A L E V
Setelah kejadian istirahat tadi siang, gue langsung menceritakan semuanya selengkap-lengkapnya ke Naomi dan Jendra.
Respon Naomi kaget setengah mati, berbanding dengan respon Jendra, katanya ia sudah memiliki insting kalau Kazel akan menyatakan perasaannya ke gue.
"Emang lo tau darimana?" Tanya Naomi pada Jendra, terputar kembali obrolan saat di kelas bersama Naomi dan Jendra di otak Alev.
Pukul empat sore ini gue sedang duduk santai di bean bag warna biru cerah yang terletak di ujung ruang kamar.
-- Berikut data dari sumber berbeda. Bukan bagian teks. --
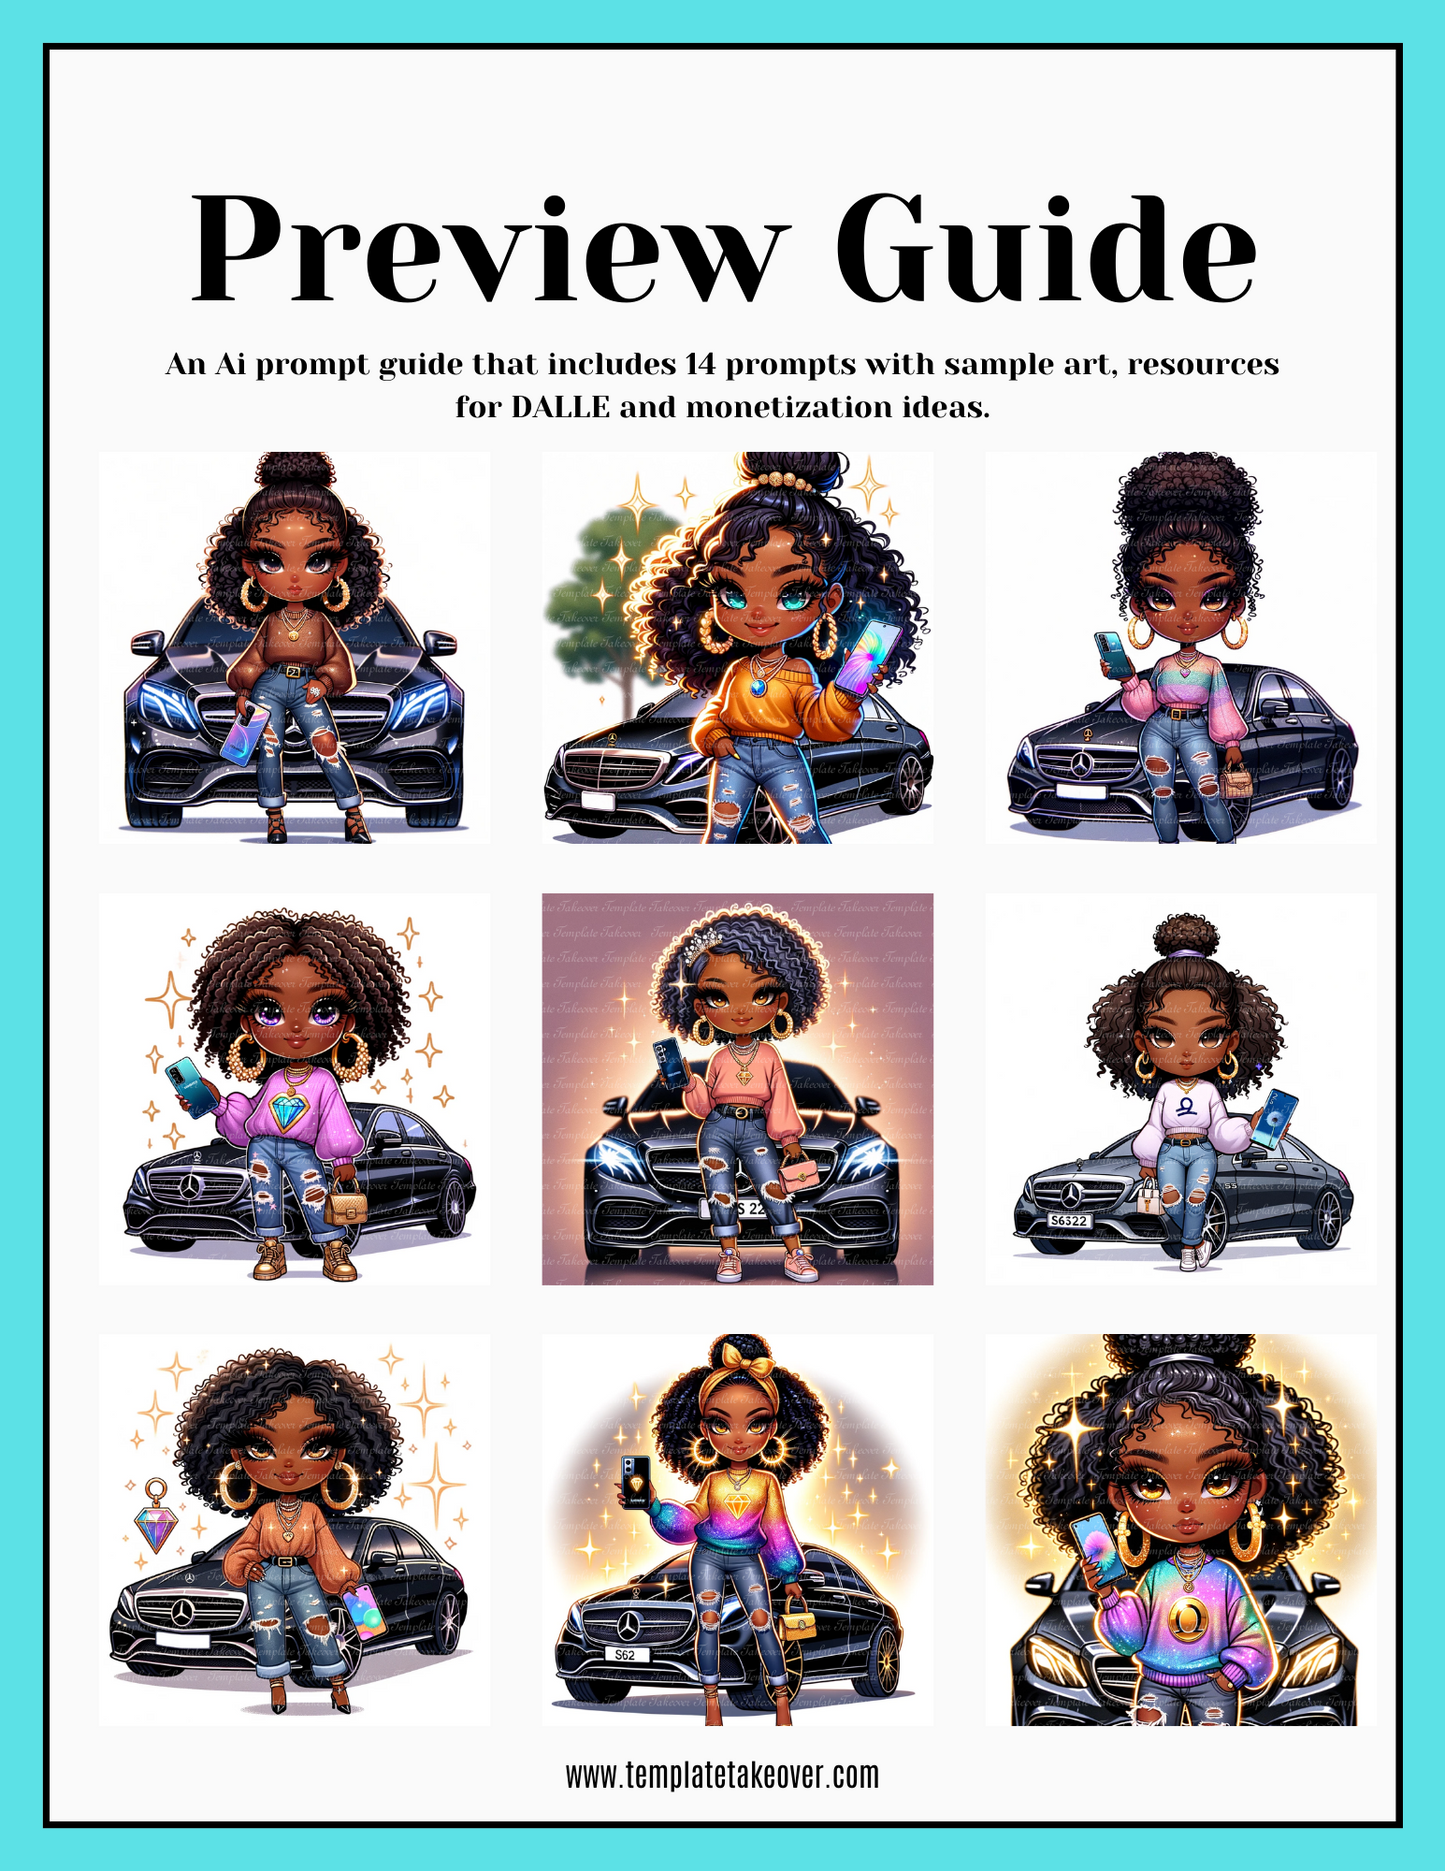 Chibi Zodiac | CHATGPT4 | DALL E 3 | BUNDLE | Prompts | Stickers | African American | Midjourney |  | AI Art | Open Ai | Dall-E 3 | Prompt Guide

Sembari menikmati secangkir susu hangat yang baru saja gue buat, rasanya pikiran gue benar-benar penat kalau habis pulang sekolah. Ditambah Kazel habis menyatakan perasaannya.
"Ya keliatan aja dari gerak-gerik Kazel. Kalo lo perhatiin sih, ya lo bakal sadar. Justru aneh sih, kan lo yang suka yuri. Masa lo yang ga sadar?" Kata Jendra gak habis pikir, ia menggelengkan kepala.
Gue menggigit bibir bawah, "Gue harus jawab apa ya? Apa gue tunggu aja dia bakal ngapain?"
"Ya... Tunggu aja sih. Lagian kan dia sendiri yang bilang bakal mau buktiin ke lo. Udah tenang aja, resiko orang cakep emang gitu, Lev." Ujar Jendra menenangkan gue yang saat itu lagi benar-benar bimbang dan merasa sedikit buruk karena tidak menahan kepergian Kazel.
"Iye tuh, dengerin deh kata Jendra. Kan lo paling tau dia jago dalam segala hal kalo ngasih saran," Naomi bersuara lalu menepuk-nepuk bahu gue.
Setelah percakapan tentang Kazel selesai, gue sama mereka ga membahas apa-apa lagi karena mereka tahu betul kalau topik tentang Kazel bakal jadi topik yang sensitif buat gue.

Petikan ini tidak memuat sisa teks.